Toys “R” Us is readying itself for a resurrection.

The effort is backed by a company called Tru Kids, led by former Toys “R” Us chief merchandiser Richard Barry. It has rights to the Toys “R” Us brand and is made up of former executives from the now-dead toy retailer. The name Tru Kids first appears in court documents dated Dec. 11; the company was incorporated in New Jersey on Jan. 22. Barry and other Tru Kids employees contacted by Digiday did not respond to requests for comment.

A rebuilt Toys “R” Us would have to graft an old name on to a completely new model that favors smaller, boutique, experience-based stores. It’s a shift that’s challenging for big-box brands that once focused on large-format stores with a breadth of inventory. With the rise of online shopping and marketplaces, physical retail spaces are additive to that journey. That’s why it’s so difficult for once-dead brands to come back, and to be successful, the company would have to launch an online-offline approach with refreshed, experiential stores.

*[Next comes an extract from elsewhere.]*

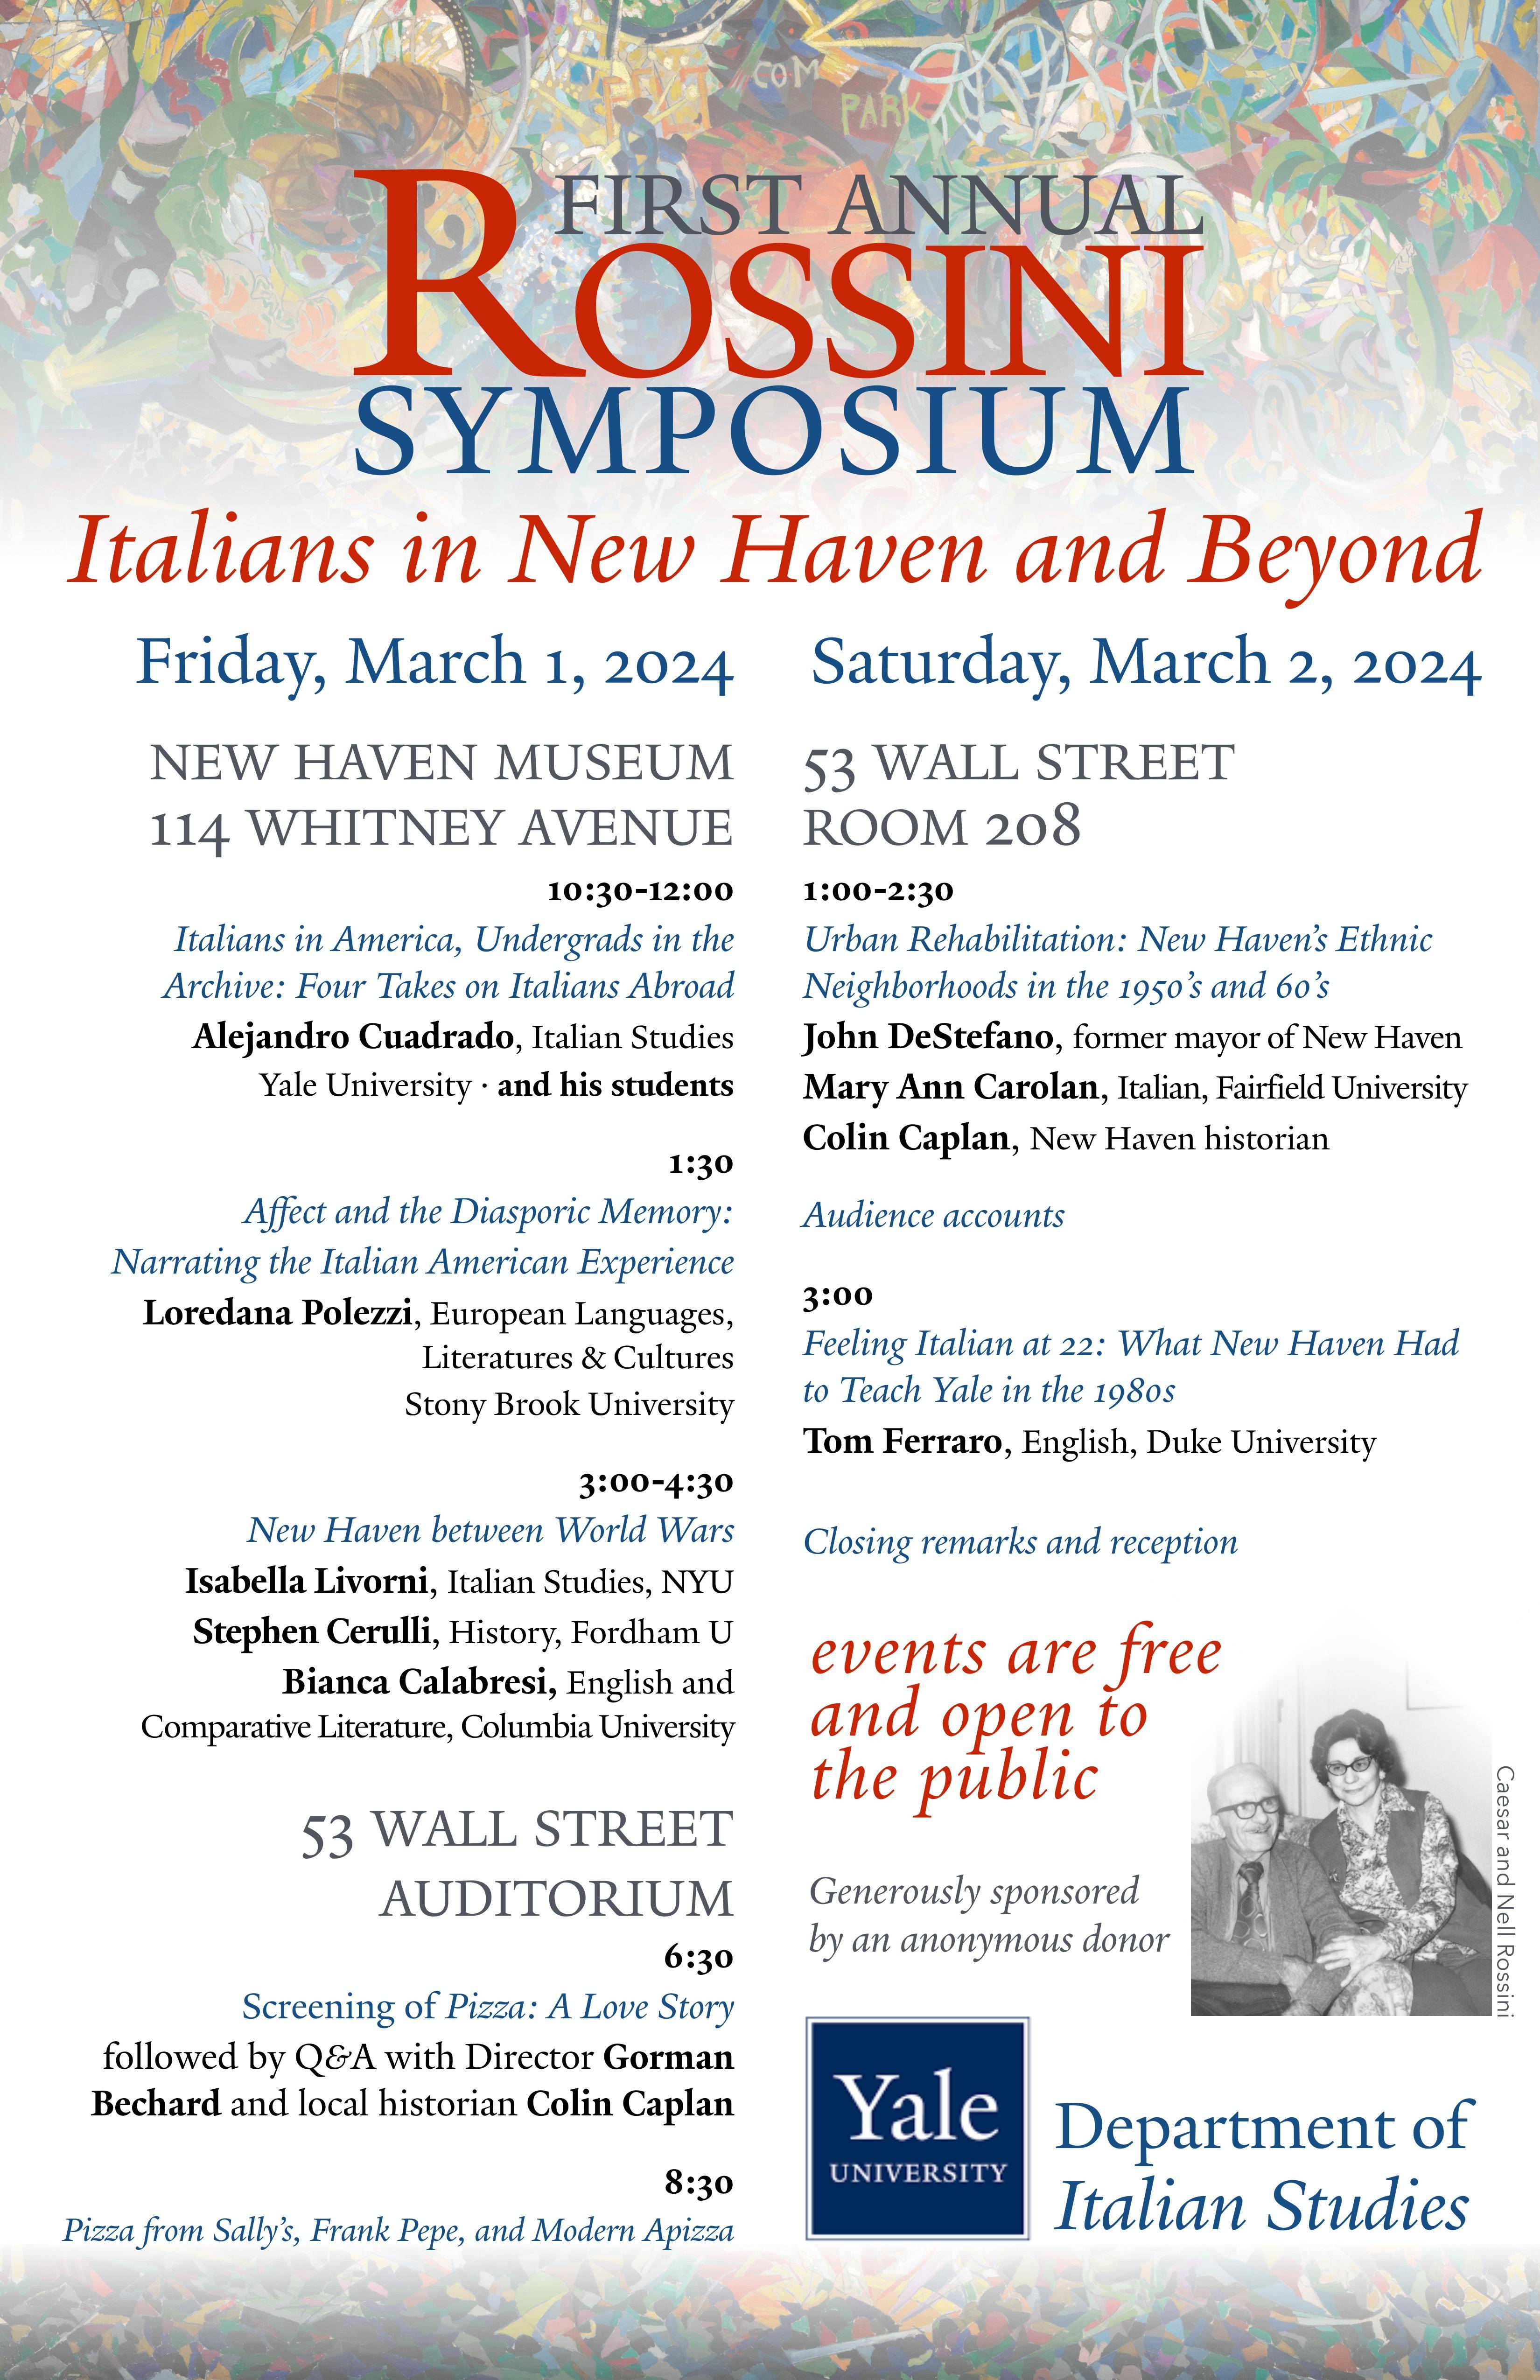 Rossini Symposium Poster with program details

“They need to create a new experience that plays off the nostalgia of the brand,” said Susan Cantor, CEO of branding agency Red Peak. “You have to go to a much more specialized place with a more curated selection; [and] you need to go to places where there are other cool brands.”

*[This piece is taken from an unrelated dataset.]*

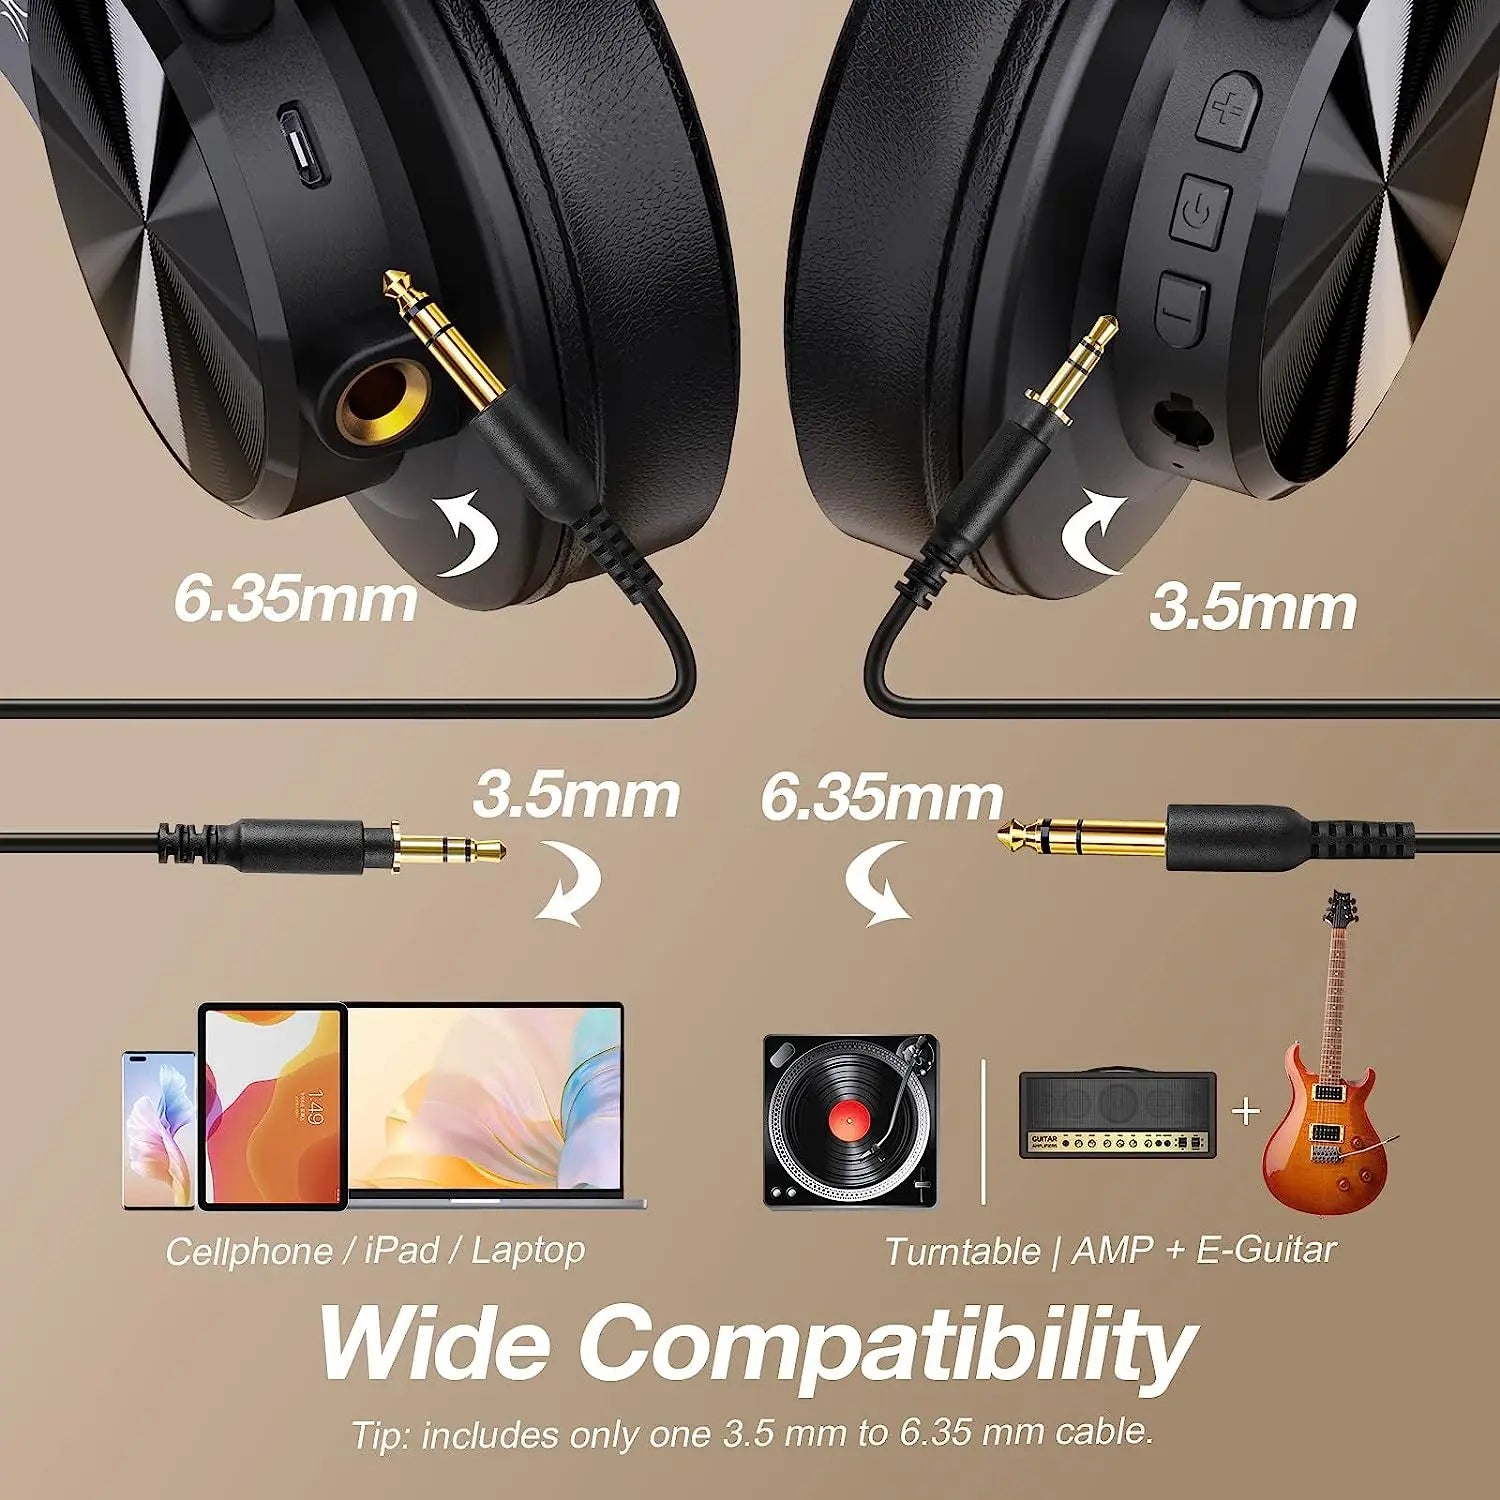 Oneodio Fusion A70 Bluetooth 5.2 Headphones Hi-Res Audio Over Ear Wireless Headset Professional Studio Monitor DJ Headphones 72H LUXLIFE BRANDS

Cantor said Toys “R” Us could take some lessons from FAO Schwarz, a 150-year-old toy store which closed its doors in 2015. It since reopened a store at Rockefeller Center late last year and is growing its store footprint at airports, a new setting for the brand.

The company is also up against competing retailers that seized on the new white space in the market. Since Toys “R” Us closed, major retailers including Walmart and Target have been growing their product offerings in the toy category. Over the 2018 holiday season Target expanded its in-store toy selection, with 250,000 square-feet in 500 stores for toys and brand-exclusive merchandise. Meanwhile, Walmart has since rebranded its toy store to “America’s Best Toy Shop,” which includes an expanded selection, Walmart-exclusive brands, and marketing through YouTube influencers.

According to the NPD Group, U.S. consumers bought $21.7 billion in toys last year, down 2 percent from the previous year. Toys “R” Us can still carve out a place for itself, provided it rethinks store layouts, improves in-store experiences for customers and considers new revenue models, said digital marketing consultant Judge Graham. Its plans to expand its private-label offerings, as reported in October, would underpin these efforts.

“How they bring it back is through a unique product line, a reason for kids to experience the stores, and smaller footprints,” he said. “It would be really cool if they had some innovation around recurring revenue models like Stitch Fix.”

A way to keep customers in stores could be events tied to movie releases and exclusive product lines resulting from that, he added. Meanwhile, the e-commerce site could mirror the experience in-store through detailed product guides and comparison tools.

To be effective, however, any effort to innovate on store experience must be complemented by competitive pricing, said Neil Saunders, managing director of GlobalData Retail. In a context where customers do price comparisons effortlessly online, a few dollars can make a big difference.

Others question whether brand recognition alone coupled with a new store and e-commerce foundation is enough to rebuild a tired retail model in a competitive category. Sucharita Kodali, retail analyst at Forrester and a former Toys “R” Us employee, is skeptical of its prospects.

“The only reason you would want to resurrect it is to suck what remains of its brand equity dry,” she said. “Circuit City tried a relaunch and it was pretty inconsequential. I suspect this would be similar.”